Es ist ein Höhepunkt für alle Turner, die daran teilnehmen dürfen: Alle vier Jahre wird die Weltgymnaestrada von der FIG (Fédération Internationale de Gymnastique) ausgerichtet.

Waren in den 50er-Jahren noch bis zu 6000 Turner aus
14 Nationen an den Shows beteiligt, sind es inzwischen über
20 000 aus fast 60 Nationen. Die Geschichte beginnt allerdings bereits im Jahre 1939. Aus Anlass zum 100. Todestag von Turnvater Pehr Henrik Ling wurde unter dem Namen Lingiade ein Weltturnfest der Gymnastik durchgeführt. 30 Nationen machten mit. Eine zweite Austragung nach dem Zweiten Weltkrieg war ein Flop. Es brauchte neue Ideen. 1953 nahm der Holländer Johan François Sommer den Gedanken eines Weltturnfestes wieder auf. Unter dem Motto «Ohne Sieger, aber mit vielen Gewinnern» wurden in Rotterdam die Weltturnspiele wieder ins Leben gerufen. Es sollte eine Erfolgsgeschichte werden.

Ins kalte Wasser
16 Jahre später, oder vor 50 Jahren, schickte das «Bieler Tagblatt» den gelernten Schriftsetzer Heinz Brönnimann, Fotograf und Journalist in einer Person, an die Gymnaestrada nach Basel. «Erst hörte ich nicht richtig. So ein Grossanlass; das war ich mir nicht gewohnt.» Schon bald aber war der Leichtathlet und Turner vom TV Madretsch mit Jahrgang 1931 begeistert. Nicht nur dabei, sondern mittendrin war er auf einmal. Und er sah und bekam mit, welchen Stellenwert die Gymnaestrada weltweit besass. «Für mich ist es nach wie vor der schönste und beste Anlass. Für einmal zählt nicht die Rangliste, sondern nur das Gebotene. Das war derart vielfältig mit Turnern aus vielen Ländern und anderen Kulturen, dass man nur staunen konnte.»
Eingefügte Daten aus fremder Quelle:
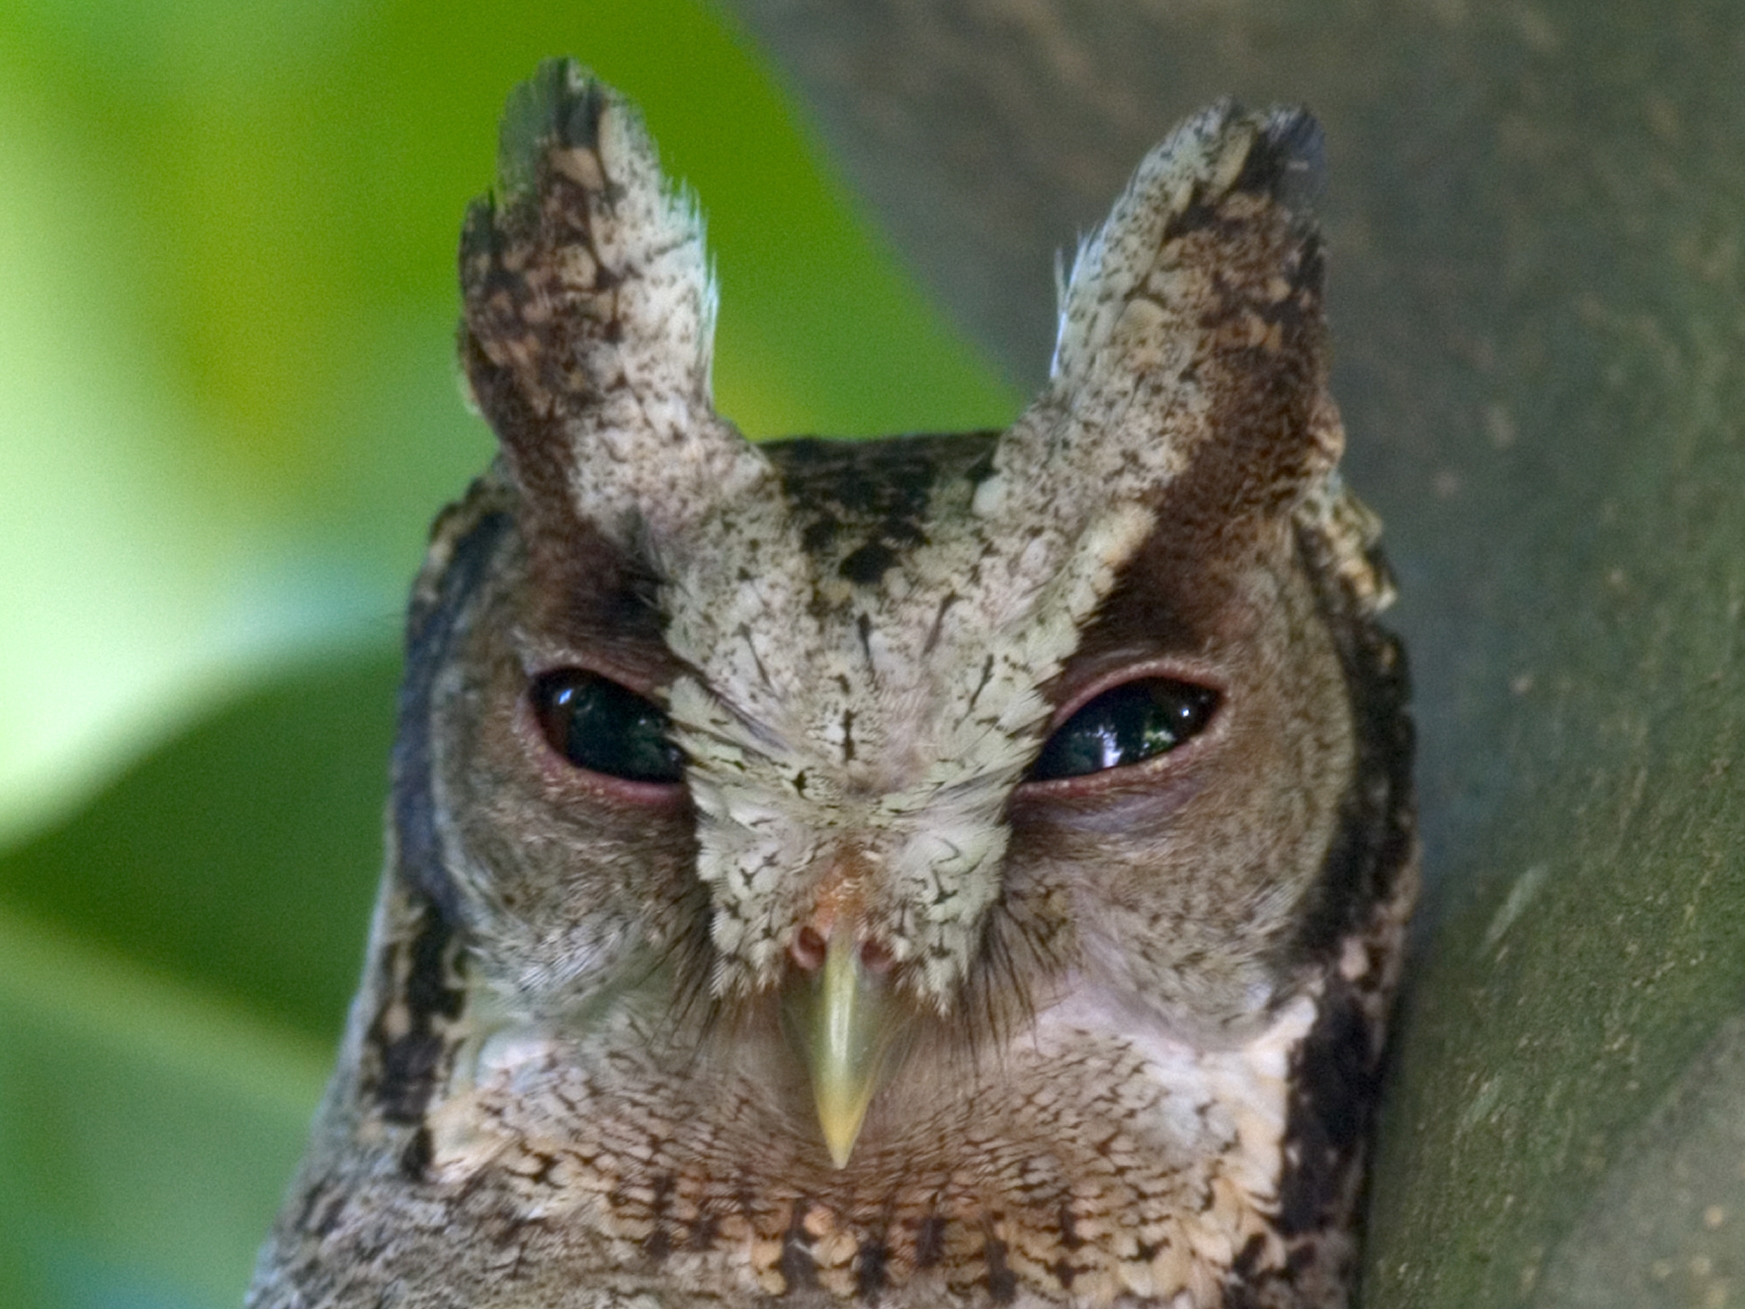 Collared Scops Owl

Das Wort «Gymnaestrada» wirke in unserem Land sehr fremd, schrieb Brönnimann damals. «Basel bot in Sachen Gastfreundschaft, Grosszügigkeit und Planung eine Leistung, die man in der Sportsprache mit Weltklasse umschreibt.» Die Begeisterung war aus Brönnimanns Bericht buchstäblich herauszulesen. Er schrieb weiter von «Publicity für die Schweiz». 100 000 Personen haben sich die Aufführungen angesehen. «Ein überwältigender Eindruck in den mannigfaltigsten Variationen», ist nachzulesen.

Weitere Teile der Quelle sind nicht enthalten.